Children and Adolescents
Normal EF in children is broadly the same as in adults, roughly 50% to 80%. The challenge with pediatric measurements is that normal values for heart size and function change rapidly with a child’s growth. A heart chamber that looks enlarged in a small toddler might be perfectly proportional in a teenager. Pediatric cardiologists interpret EF alongside the child’s age, body size, and growth trajectory rather than relying on a single fixed cutoff.
Your Test Method Affects the Number
The EF number on your report depends partly on how it was measured. The most common method is a standard 2D echocardiogram, which is quick and widely available but tends to read slightly lower than other techniques. Compared to cardiac MRI (considered the gold standard), 2D echocardiography underestimates EF by about 3 to 4 percentage points on average. In a study of 745 patients, the median EF was 60% on echo versus 63% on MRI.
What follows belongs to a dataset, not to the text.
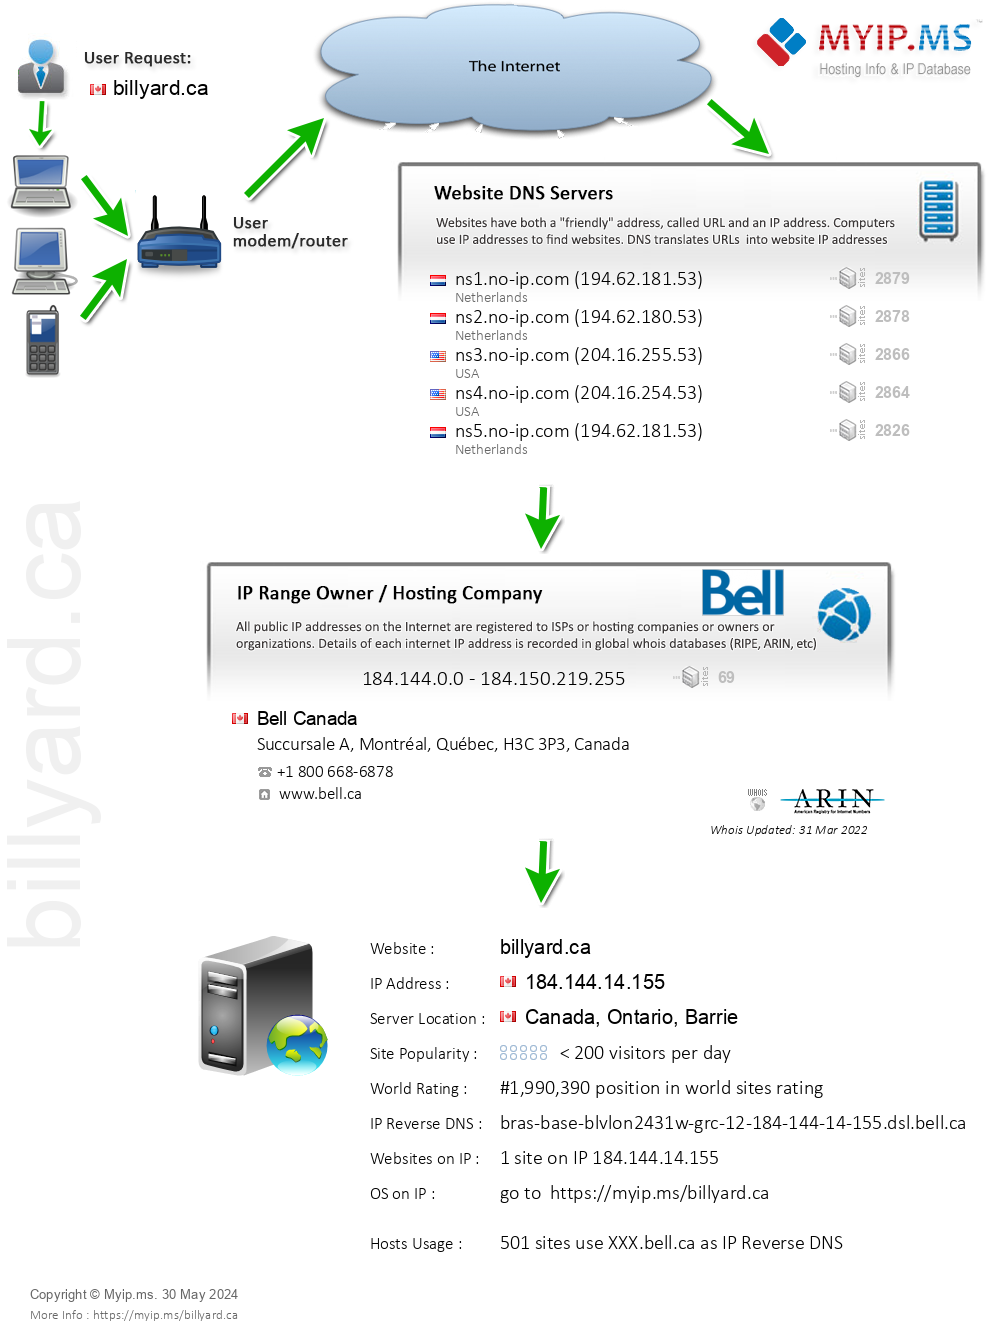 Billyard.ca - Website Hosting Visual IP Diagram
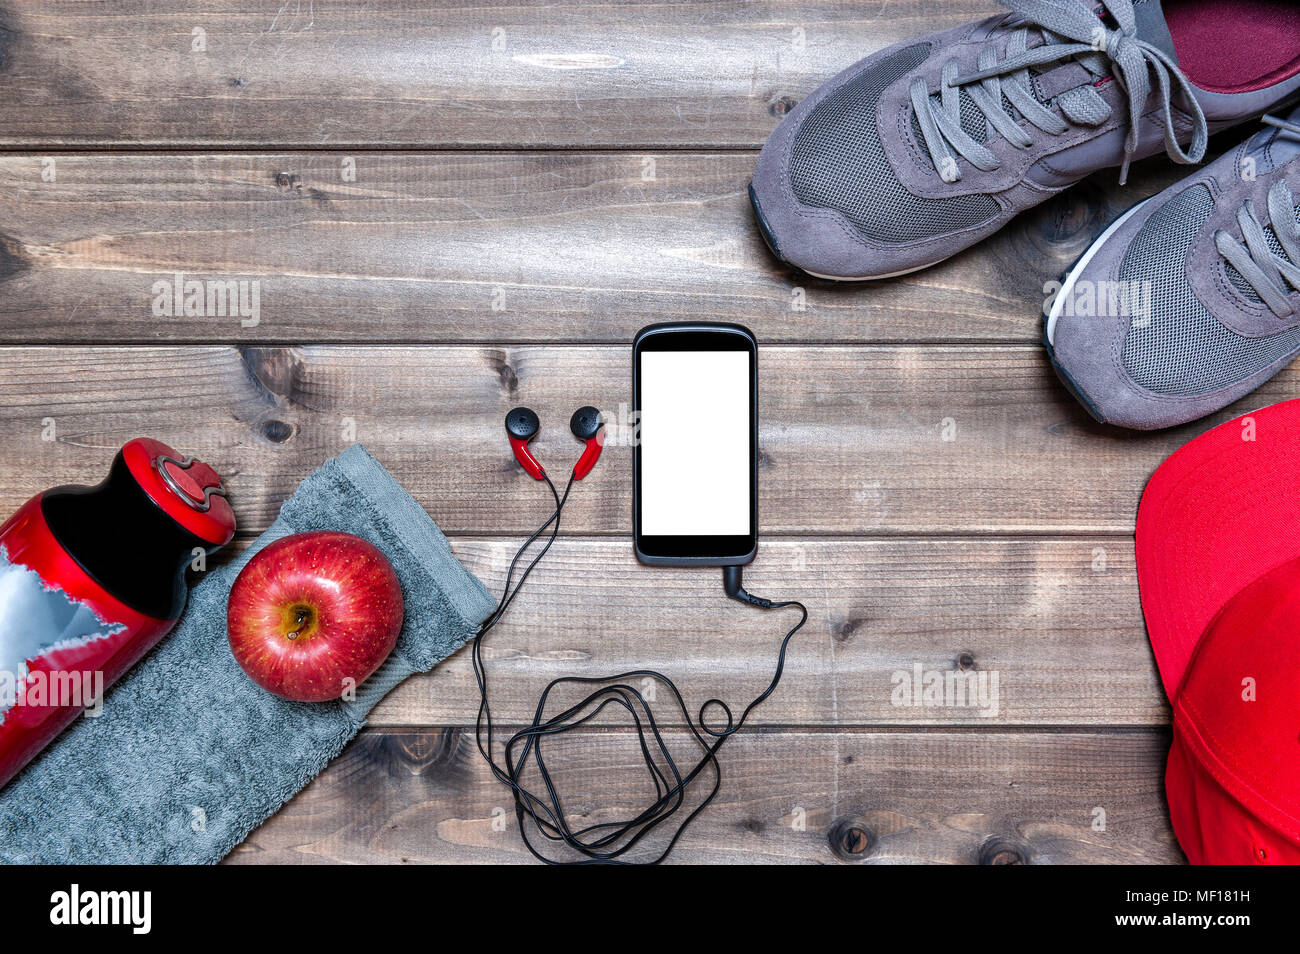 Vista superior de una manzana roja, zapatos deportivos, auriculares de audio,  smartphone, sombrero, toalla y botella de agua fotografiada sobre una mesa  de madera antigua. Espacio de texto Fotografía de stock -

That gap matters most when your EF sits near a clinical threshold. About 9% of patients in that study were classified differently depending on whether the 50% cutoff was applied to their echo result or their MRI result. Three-dimensional echocardiography narrows the gap, underestimating by only about 1.6 percentage points compared to MRI. If your doctor is making a treatment decision based on a borderline EF reading from a standard echo, they may order a cardiac MRI or 3D echo for a more precise measurement.
What a Borderline or Low EF Means
An EF in the 41% to 49% range is considered mildly reduced. It doesn’t automatically mean you have heart failure, but it does signal that your heart isn’t pumping as efficiently as it should. Your doctor will typically look at symptoms (shortness of breath, fatigue, fluid retention) alongside the number to determine whether treatment is needed.
An EF of 40% or below is the threshold for heart failure with reduced ejection fraction, the most well-studied form of heart failure. At this level, the heart is clearly struggling to meet the body’s demands. Treatment can improve EF over time in many people, sometimes significantly, so a low reading is not necessarily permanent.
The 2022 AHA/ACC guidelines also recognize heart failure with preserved ejection fraction, where EF is 50% or above but the heart still isn’t functioning properly, usually because it’s too stiff to fill with blood between beats. This is especially common in older adults and in women, which is why symptoms matter as much as the number itself.
Putting Your Number in Context
If you’re looking at a test result and wondering whether your EF is “good,” the short answer is: 50% or above is normal for any age. But a truly useful interpretation accounts for your sex, the testing method, whether the number has changed over time, and whether you have any symptoms. A single EF reading is a snapshot. Trends across multiple measurements are far more informative, especially if you’re being monitored for a heart condition. A drop of 10 percentage points over a year is more concerning than a stable reading of 52%, even though 52% technically sits at the lower edge of normal.